9-11 Flap Won’t Stop UW Lecturer
– Legislators blast university decision
By MEGAN TWOHEY
Milwaukee Journal Sentinel
July 10, 2006
The University of Wisconsin-Madison announced Monday that it would keep Kevin Barrett as a part-time lecturer and allow him to teach a controversial theory on the Sept. 11, 2001, terrorist attacks in spite of political pressure to dismiss him.
Barrett has come under fire in recent weeks for teaching that the Sept. 11 attacks were an inside job and for advocating the theory outside the classroom. Gov. Jim Doyle, U.S. Rep. Mark Green (R-Wis.) and several state legislators have called for his dismissal.
But after conducting a 10-day review of Barrett’s past teaching and his plans for a fall class on Islam, Provost Patrick Farrell determined that Barrett was fit to teach and that the alternative theory on 9-11 had a place in the classroom when taught along with other viewpoints.

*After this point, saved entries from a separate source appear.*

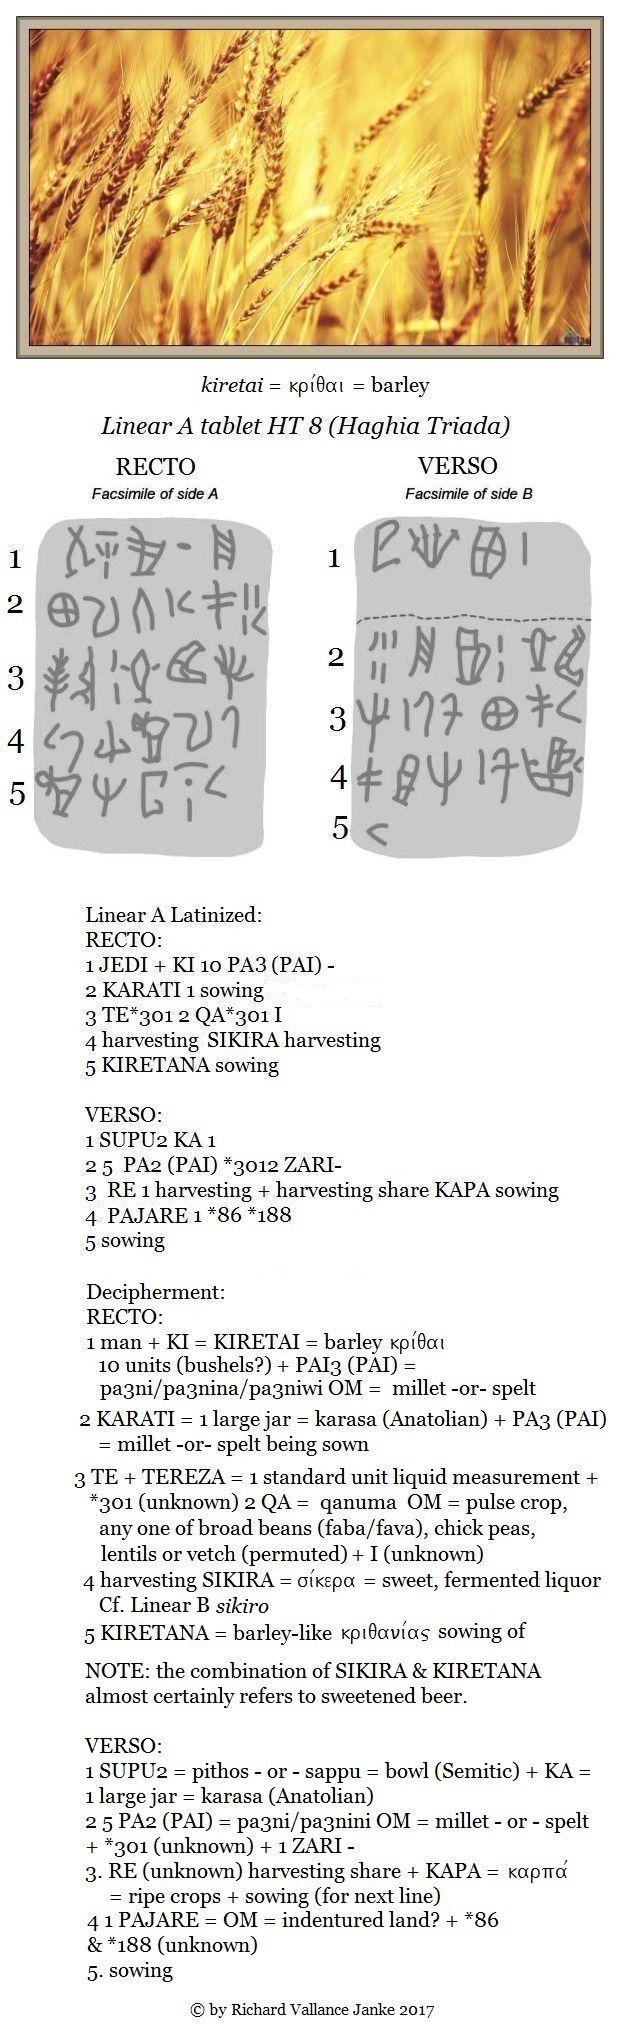 Linear A tablet HT 8
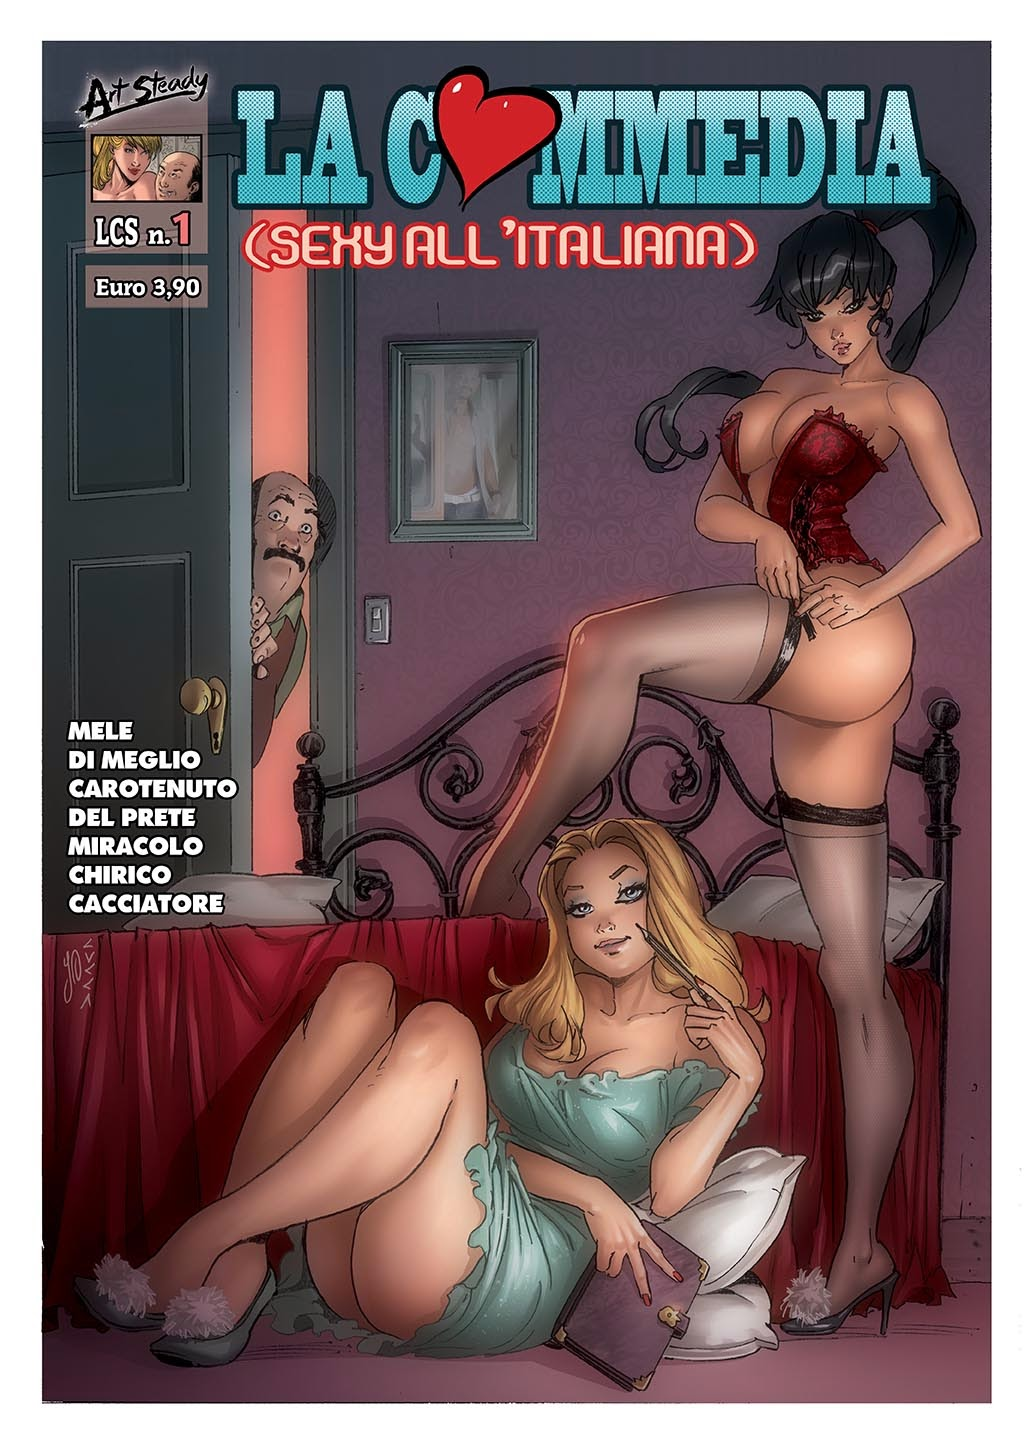 film sex anni 70 massaggiatrice sexi
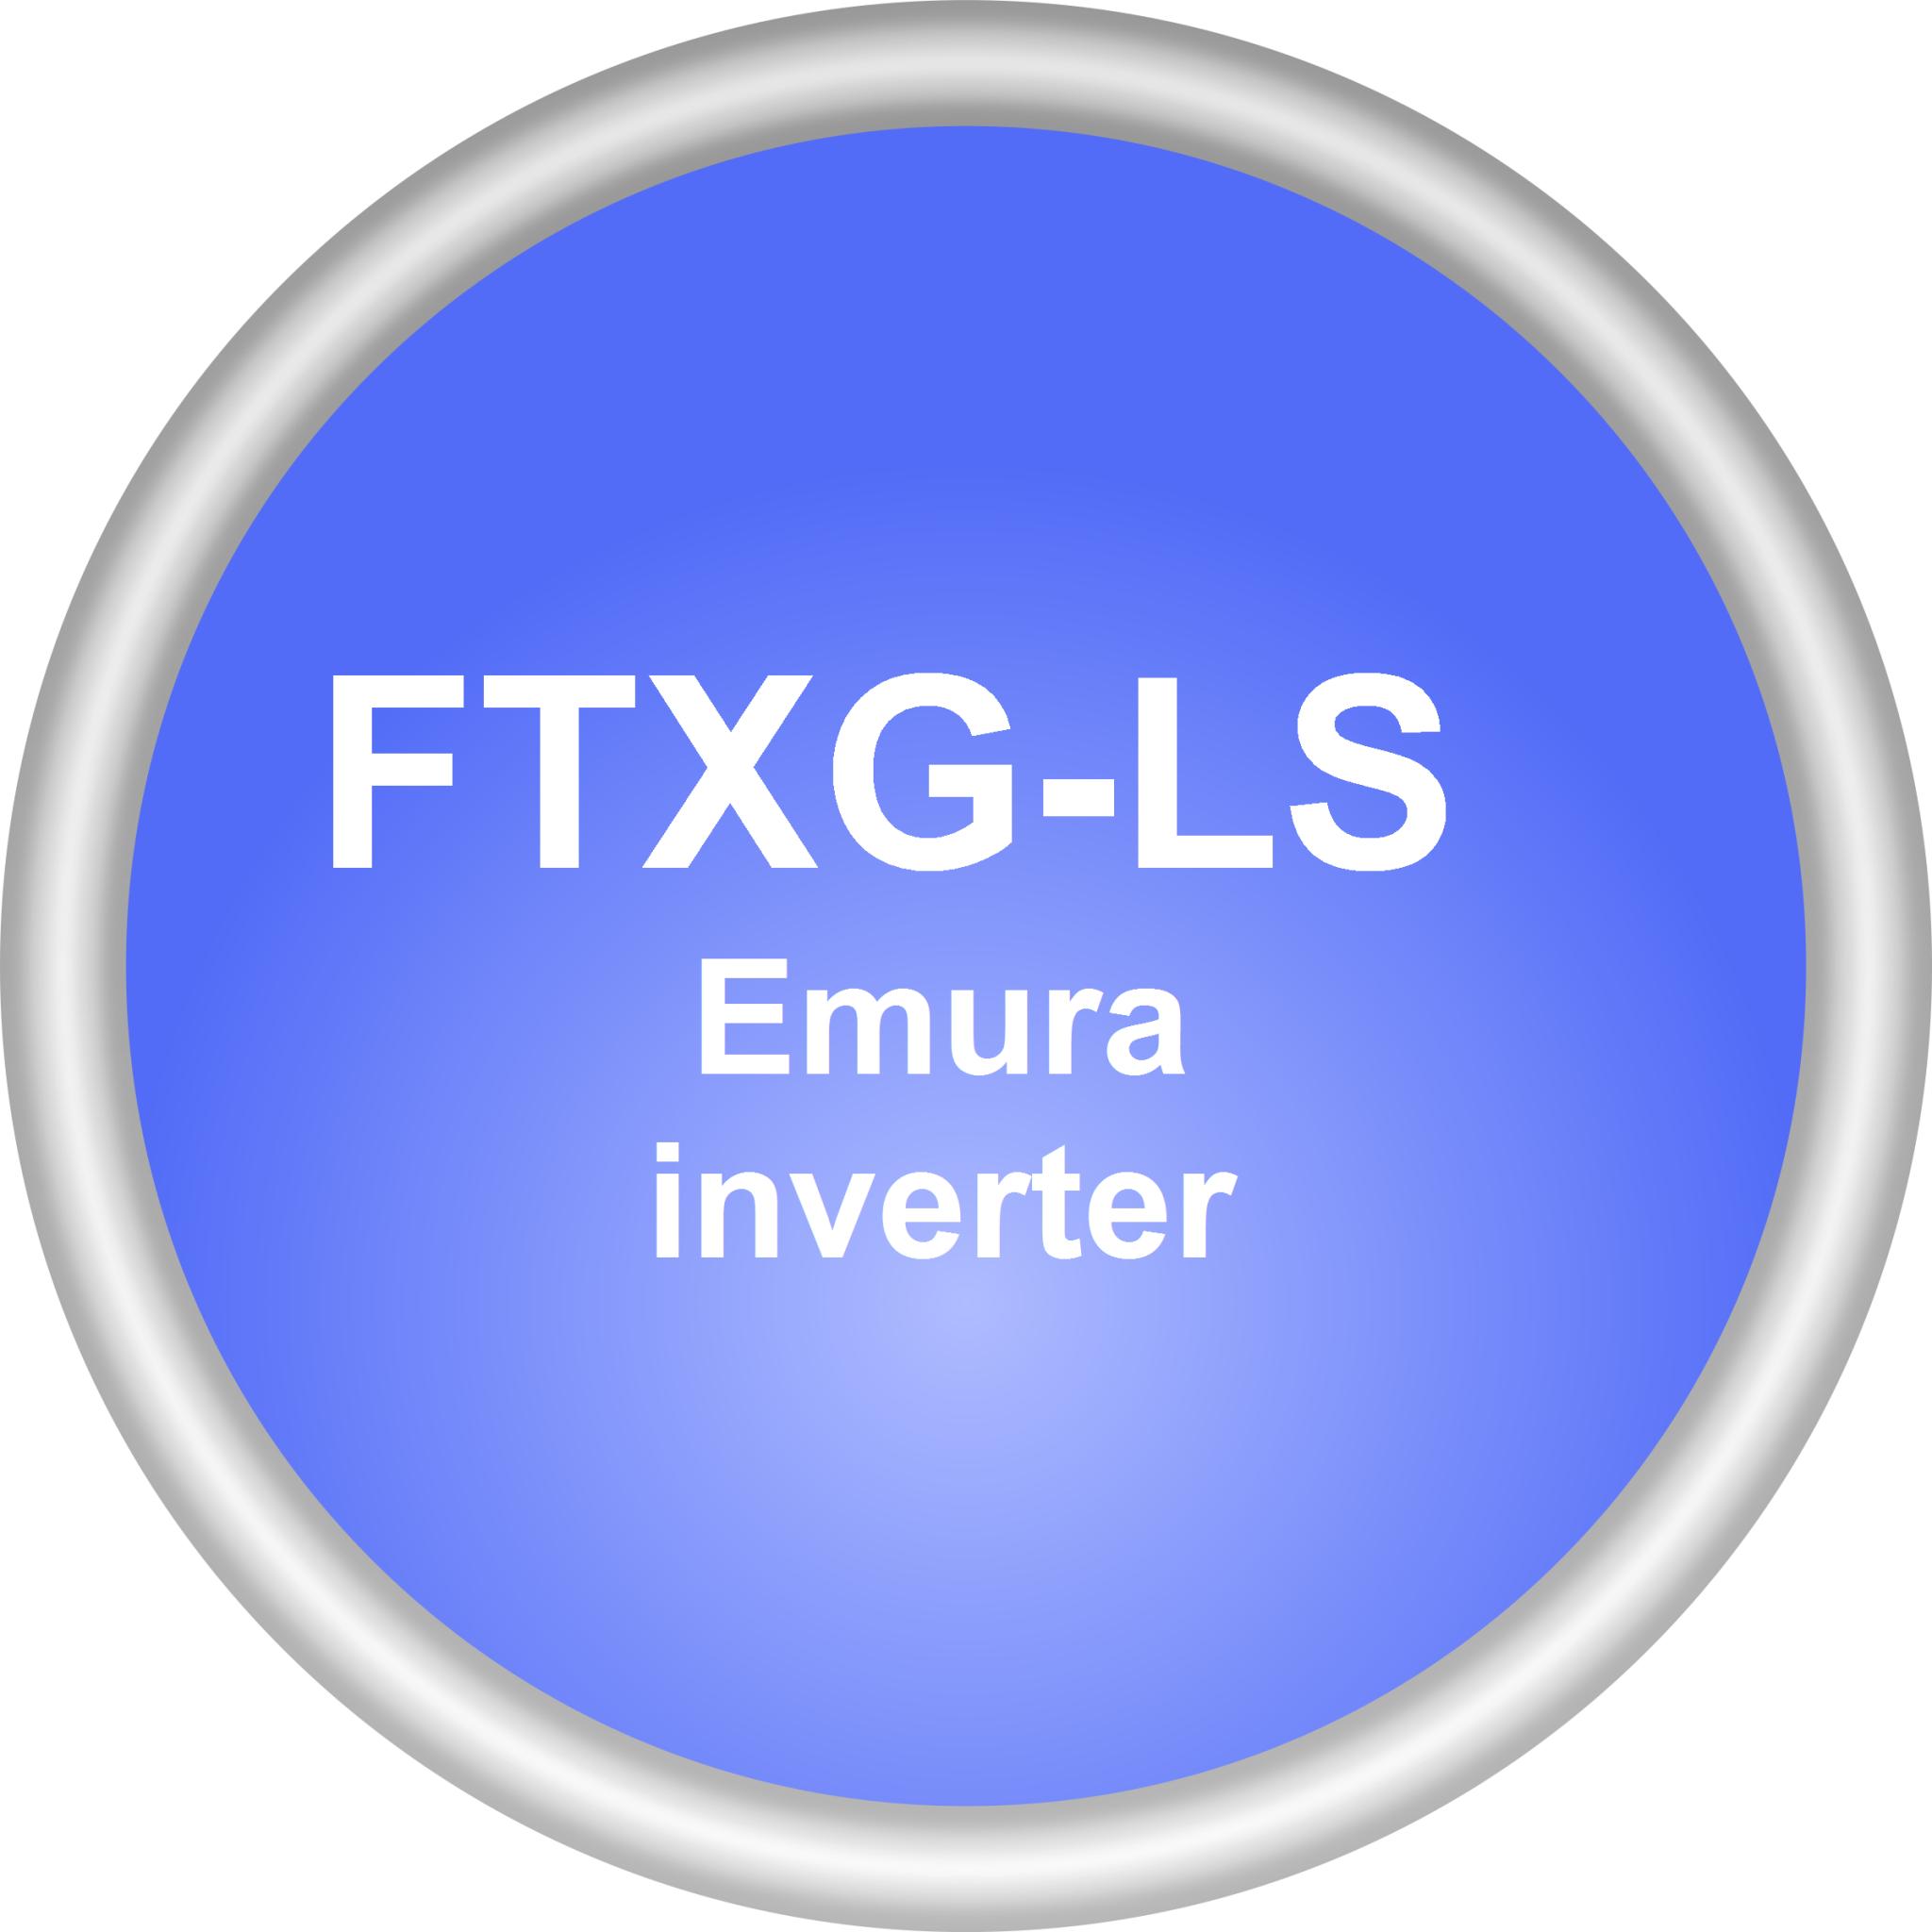 Инвертор FTXG-LS Emura

Farrell said academic freedom demanded the decision and that it would have been a mistake for the university to succumb to outside pressure.
“We cannot allow political pressure from critics of unpopular ideas to inhibit the free exchange of ideas,” Farrell said in a written statement. “That classroom interaction is central to this university’s mission and to the expansion of knowledge. Silencing that exchange now would only open the door to more onerous and sweeping restrictions.”
For his part, Barrett said he was “very pleased” by the decision. He said students in his fall course, “Islam: Religion and Culture,” would spend one week studying a variety of viewpoints on the 9-11 attacks, including the theory that “9-11 was probably an American operation to launch a war on Islam countries.” He said he would not tell his students that he subscribed to that theory nor would he penalize them for disagreeing with it.
While the decision drew cheers from the academic community, the UW System Board of Regents and the American Civil Liberties Union, the top leader in the state Assembly warned of severe damage to the university’s relationship with the Legislature.
Legislators have slammed the UW System in the past for being out of step with the public. Assembly Speaker John Gard (R-Peshtigo) said this decision would fuel that argument and hurt UW’s efforts to get more state support.
“People are going to be hurt and offended by this decision,” Gard said. “The university will lose friends. When they come back and ask for something else, people will say ‘You’ve shown your true colors, we’ve got other people who need help,’ and they’ll look away.”
Green, who is challenging Doyle for governor, has criticized the UW System throughout his campaign.
After learning of the university’s decision, he released a statement saying: “Mr. Barrett can dwell all he wants on the fringe left of society, but he should not be doing it under the banner of the University of Wisconsin. . . . Teaching students lies is not a Wisconsin value.”
Doyle was less critical.
“The governor thought that some of Mr. Barrett’s outrageous comments raised serious questions about the appropriateness of him teaching,” said Matt Canter, a Doyle spokesman. “But he recognizes that the university has legal authority to make their own personnel decisions.”
The American Civil Liberties Union of Wisconsin, meanwhile, applauded Farrell’s decision, saying that “controversial speech, especially controversial political speech, deserves protection from government censorship.”
Mark Evenson, president of the Association of University of Wisconsin Professionals, an organization that represents faculty and staff throughout the UW System, said: “We are glad the administration is defending the principle of academic freedom and free exchange of ideas that we need on all the UW campuses.”
Board of Regents President David Walsh, who has defended Barrett, agreed. He complimented Farrell for “balancing the issues regarding academic freedom with the assurance that there will be open dialogue” in the classroom.
“It’s a great day for academic freedom and freedom of speech,” Barrett said.